CHALLENGES IN AI AGENT TOOL DISCOVERY AND EXECUTION
AI agents face significant hurdles in discovering and executing appropriate APIs. One primary challenge is API discovery itself, especially within vast and diverse system landscapes like SAP's, where API metadata is often fragmented across multiple sources and jargon can lead to ambiguity (e.g., 'PO' meaning product owner or purchase order). Furthermore, APIs cannot be invoked randomly; their execution must adhere to specific business process sequences, which are often complex and customer-specific, adding another layer of difficulty for agents to accurately discern and follow.
SAP'S KNOWLEDGE GRAPH-DRIVEN APPROACH
SAP addresses these challenges by integrating a knowledge graph at the core of its AI architecture, positioned centrally between data and AI capabilities. This knowledge graph acts as a translator, making information more usable and actionable for AI. The approach involves a set of 'broad tools' for API discovery, utilizing vector databases and user utterances to identify candidate APIs. These candidates are then further refined using a retrieve API tool that accesses API specifications and business process context directly from the knowledge graph, which also generates the embeddings used for initial discovery.

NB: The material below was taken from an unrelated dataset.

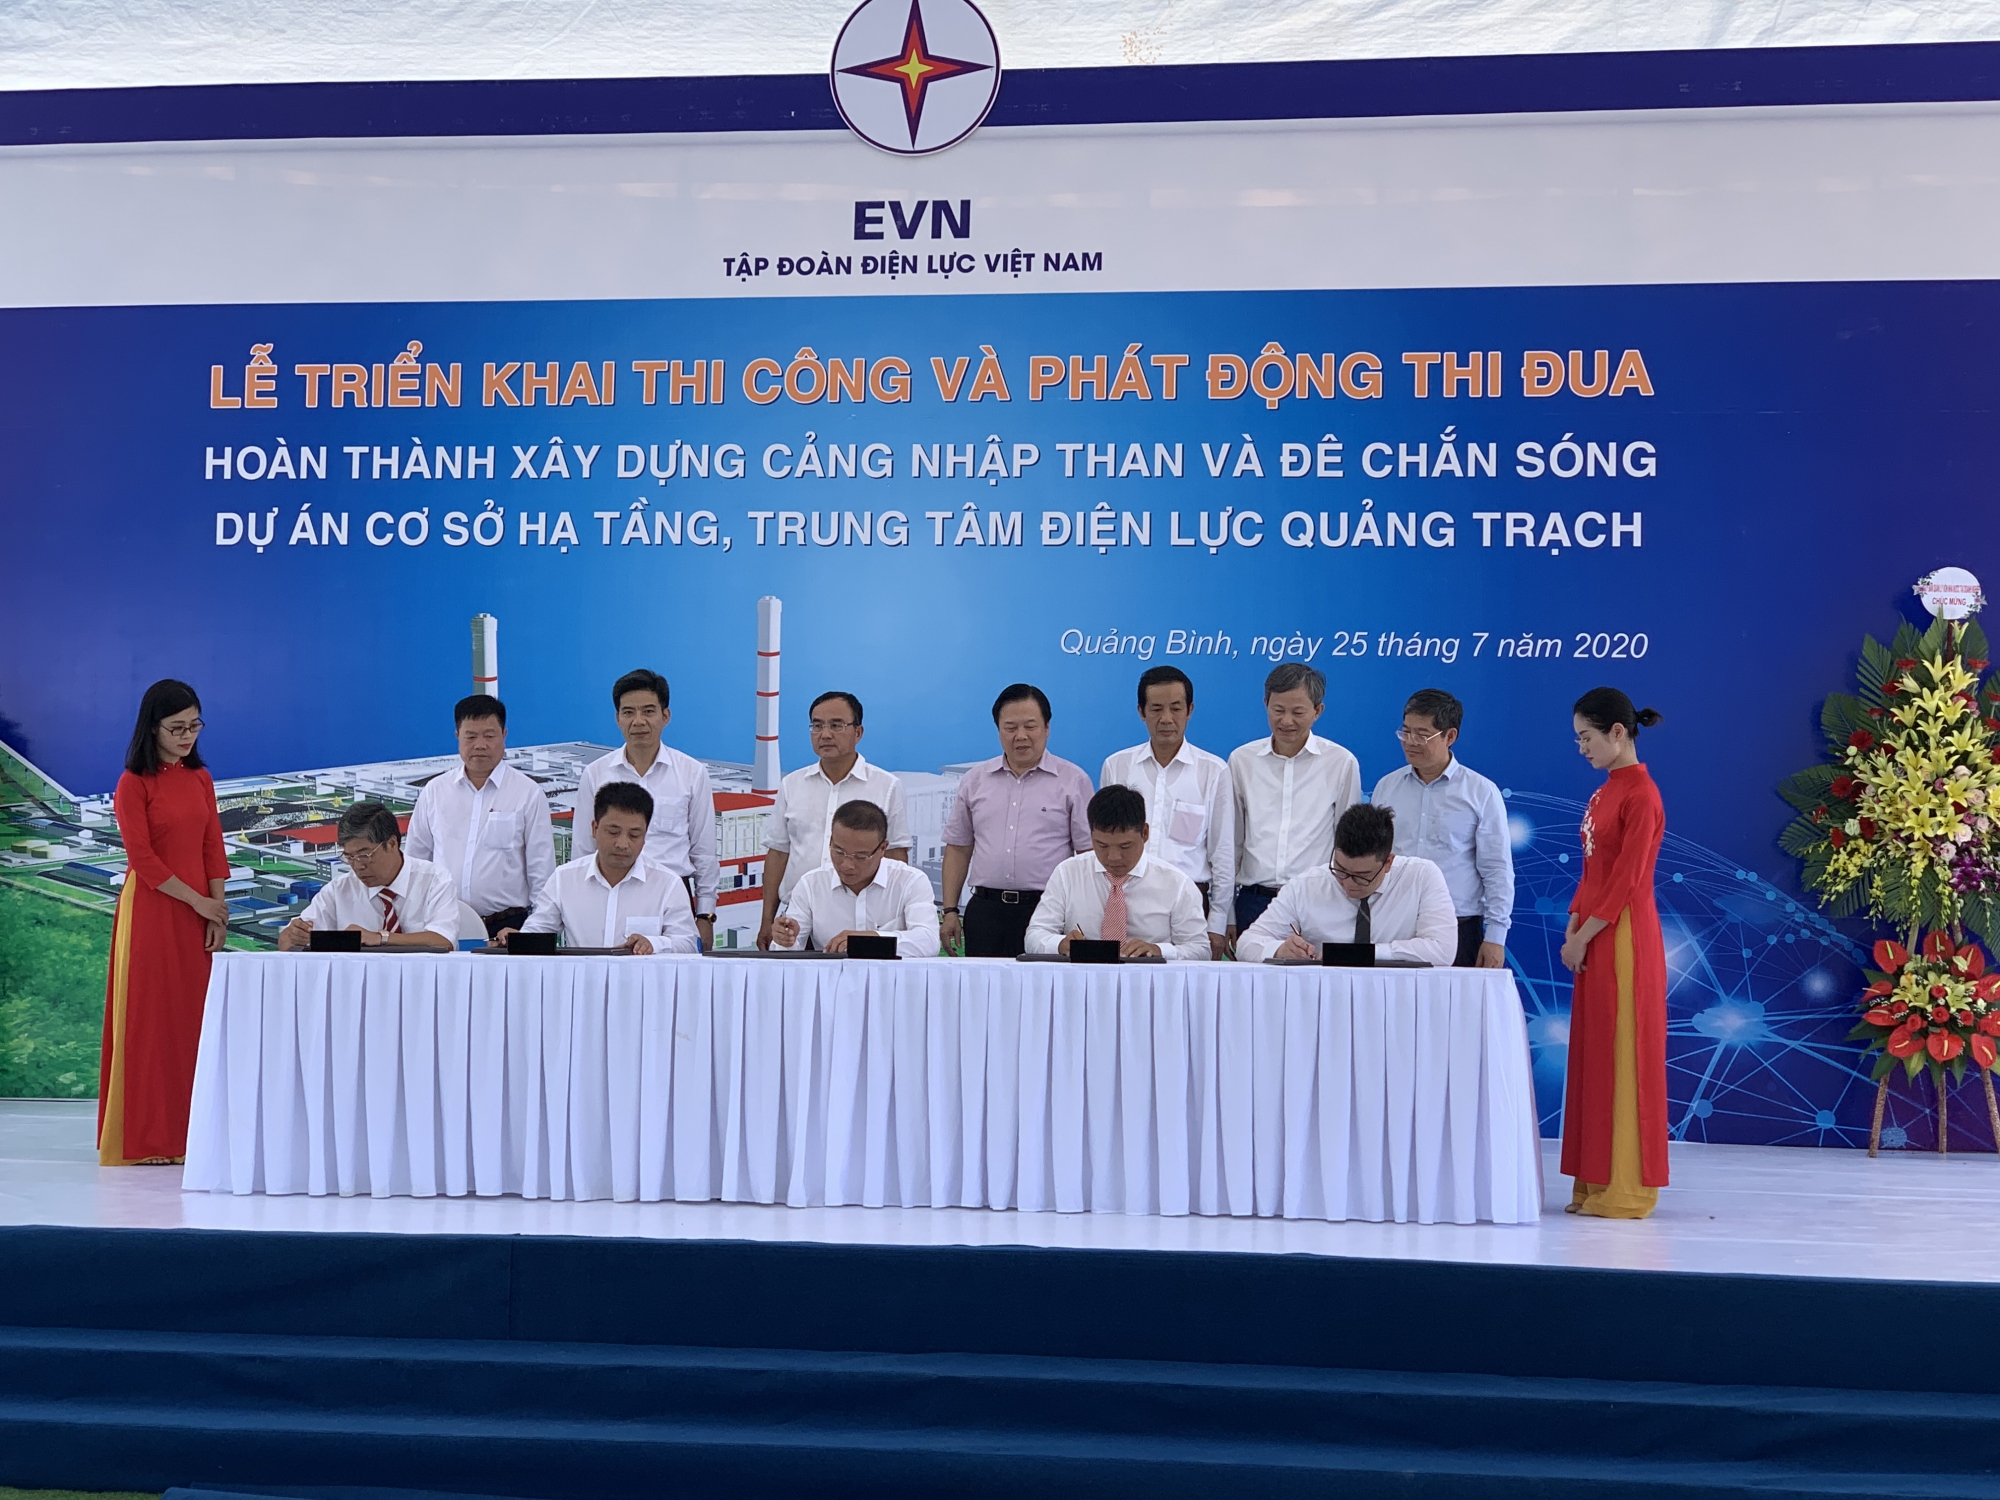 Triển khai thi công và phát động thi đua các Dự án cơ sở hạ tầng thuộc Trung tâm Điện lực Quảng Trạch

KNOWLEDGE GRAPH STRUCTURE AND SEMANTICS
A knowledge graph represents structured information as a graph, using triples (subject, predicate, object) to define relationships between entities like people, places, APIs, or systems. Its power is significantly amplified by an ontology, which provides semantic meaning and hierarchies to these entities and relationships. For example, an ontology can define that an API is a type of 'tool' and 'located in' is a transitive property. This semantic richness allows for inferring facts not explicitly stated and provides a structured foundation for the AI agent's understanding of the environment.
COMPONENTS AND EMBEDDING STRATEGIES
SAP's metadata knowledge graph comprises several layers, including a resource discovery layer for metadata and an API services/tools layer that integrates information from specifications like OpenAPI. Crucially, business process information, often modeled using BPMN or Arato, is also incorporated to define the sequence and connections between APIs. A key advantage is using the knowledge graph's structure to generate embeddings for retrieval. A textual description-based model represents nodes by their own text and that of their connected neighbors, enhancing the relevance of semantic search for AI tasks.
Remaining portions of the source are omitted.